Wave Optics Class 12 Physics Chapter 10 Notes

Wave Optics Class 12 Physics Chapter 10 Notes

Huygens’ Principle

1. Wavefront Definition:
   • A wavefront is a surface of constant phase in a wave. It represents the locus of points where oscillations are in phase.
   • Circular rings in a calm pool after a disturbance illustrate this concept.
2. Wavefront Speed:
   • The speed at which a wavefront moves away from its source is the wave’s speed.
   • Energy in a wave travels perpendicular to the wavefront.
3. Spherical Waves:
   • A point source emits spherical waves, with waves propagating uniformly in all directions.
   • At a distance from the source, a portion of the sphere behaves like a plane wave.
4. Huygens’ Principle:
   • Huygens’ principle allows the determination of a wavefront’s shape at a later time, given its shape at t = 0.
   • It is a geometrical construction approach.
5. Wavefront Evolution:
   • Consider a diverging spherical wave with portions F1F2 at t = 0.
   • Each point on the wavefront acts as a source for secondary wavelets that propagate in all directions at the wave speed.
   • These secondary wavelets form new wavefronts at a later time when their tangents are connected.
   • For a wavefront at t = t, draw spheres of radius vt from each point on the wavefront.
   • The new wavefront’s shape is determined by connecting tangents to these spheres.
6. Backwave Issue:
   • Huygens proposed that secondary wavelets have maximum amplitude in the forward direction and zero in the backward direction, explaining the absence of a backwave.
   • However, this ad hoc assumption is not entirely satisfactory and is better justified by rigorous wave theory.
7. Plane Waves:
   • Huygens’ principle can also be applied to determine the shape of wavefronts for plane waves propagating through a medium.
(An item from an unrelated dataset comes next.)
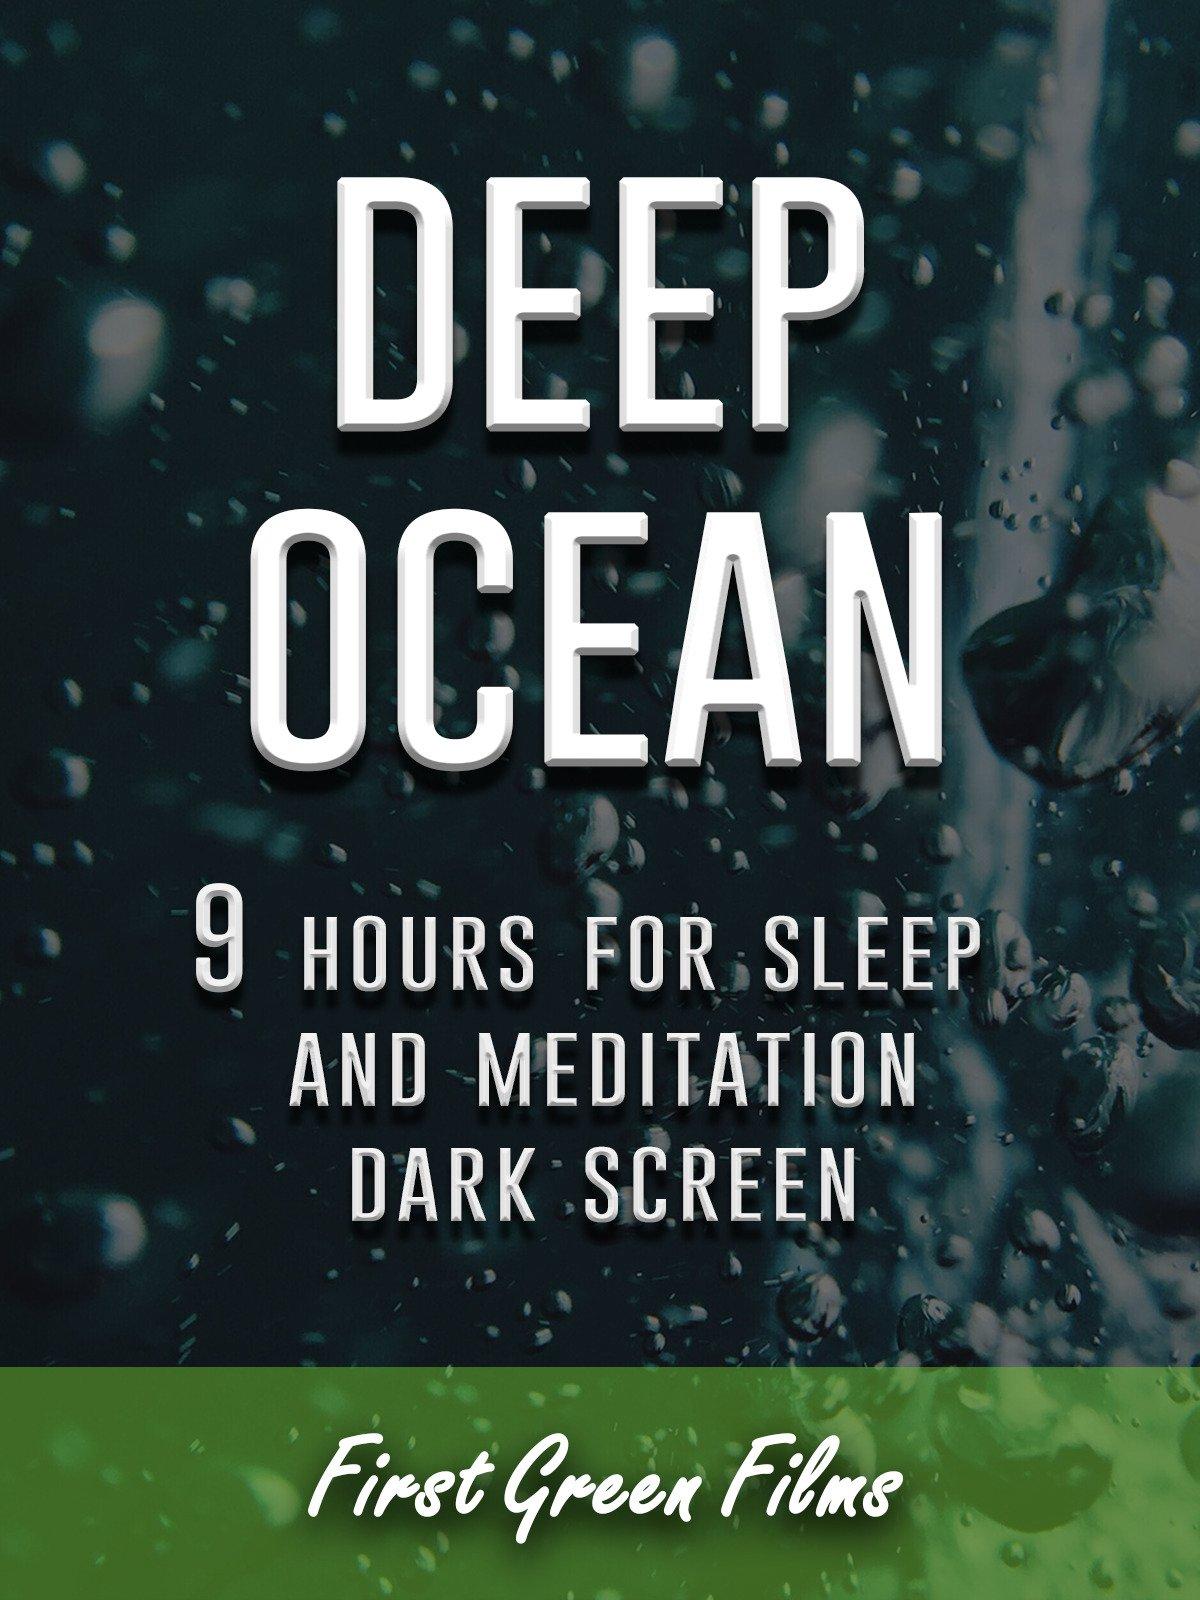 Deep ocean, 9 hours for Sleep and Meditation, dark screen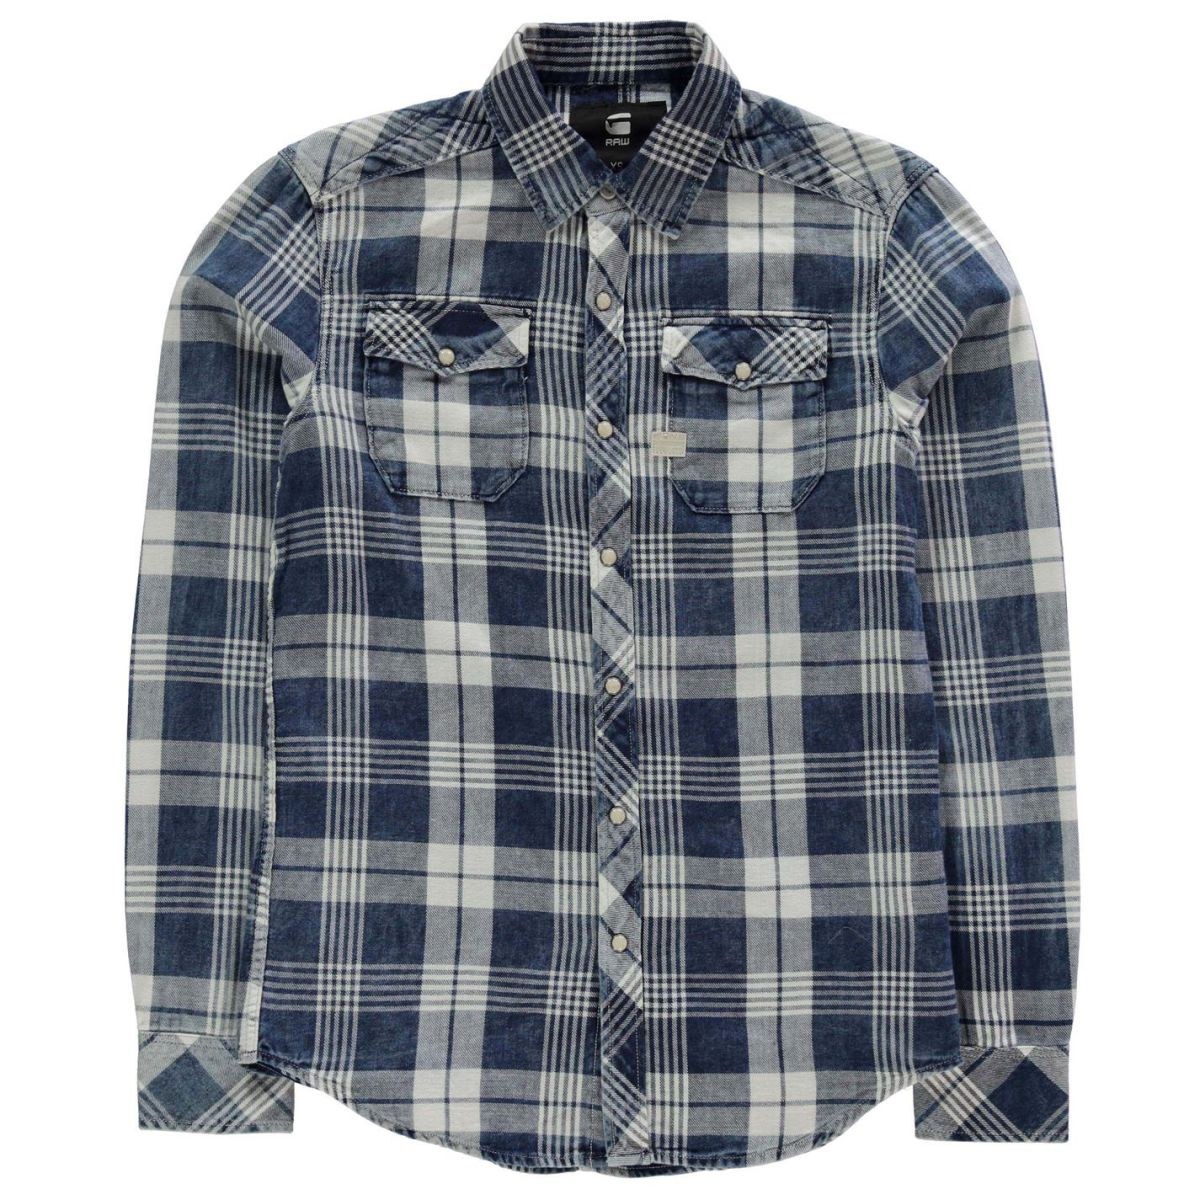 890d9a5ce7 Details about G Star Mens Landoh Shirt Long Sleeve Casual Lightweight  Cotton Print All Over

Huygens’ principle provides a useful geometric method to understand the propagation of waves and predict the shape of wavefronts at different times.

Refraction of Plane Waves

1. Setup:
   • Consider an interface PP’ separating two mediums: medium 1 (with speed v1) and medium 2 (with speed v2).
   • A plane wavefront AB travels in direction A’ A, making an angle of incidence (i) with the normal to the interface.
2. Wavefront Propagation:
   • Time taken by the wavefront to travel BC is t, where BC = v1 * t.
   • A sphere with radius v2 * t is drawn from point A in medium 2, and a tangent plane CE is drawn from point C to the sphere.
   • CE represents the refracted wavefront.
3. Deriving Snell’s Law:
   • By considering triangles ABC and AEC, we obtain:
     • sin(i) = BC / AC = v1t / AC
     • sin(r) = AE / AC = v2t / AC
4. Relating Speeds and Angles:
   • Combining the above results, we have: sin(i) / sin(r) = (v1 / v2)
   • This equation indicates that if the ray bends toward the normal (r < i), the speed of light in medium 2 (v2) is less than that in medium 1 (v1).
5. Refractive Indices:
   • The speed of light in vacuum (c) is related to the refractive indices of the mediums:
     • n1 = c / v1 and n2 = c / v2
   • Thus, n1 and n2 represent the refractive indices of medium 1 and medium 2, respectively.
6. Snell’s Law:
   • In terms of refractive indices, Snell’s law of refraction is given by: n1 * sin(i) = n2 * sin(r)
7. Wavelength and Frequency:
   • If l1 and l2 are the wavelengths in medium 1 and medium 2, respectively, and BC = l1:
     • AE will be equal to l2, as waves maintain their frequency.
   • This leads to the relationship: v1 / λ1 = v2 / λ2
   • When a wave is refracted into a denser medium (v1 > v2), the wavelength and speed decrease, while frequency remains the same.

Snell’s law and the relationships between refractive indices, speeds, wavelengths, and frequencies provide a comprehensive explanation of the refraction of plane waves at the interface between two mediums.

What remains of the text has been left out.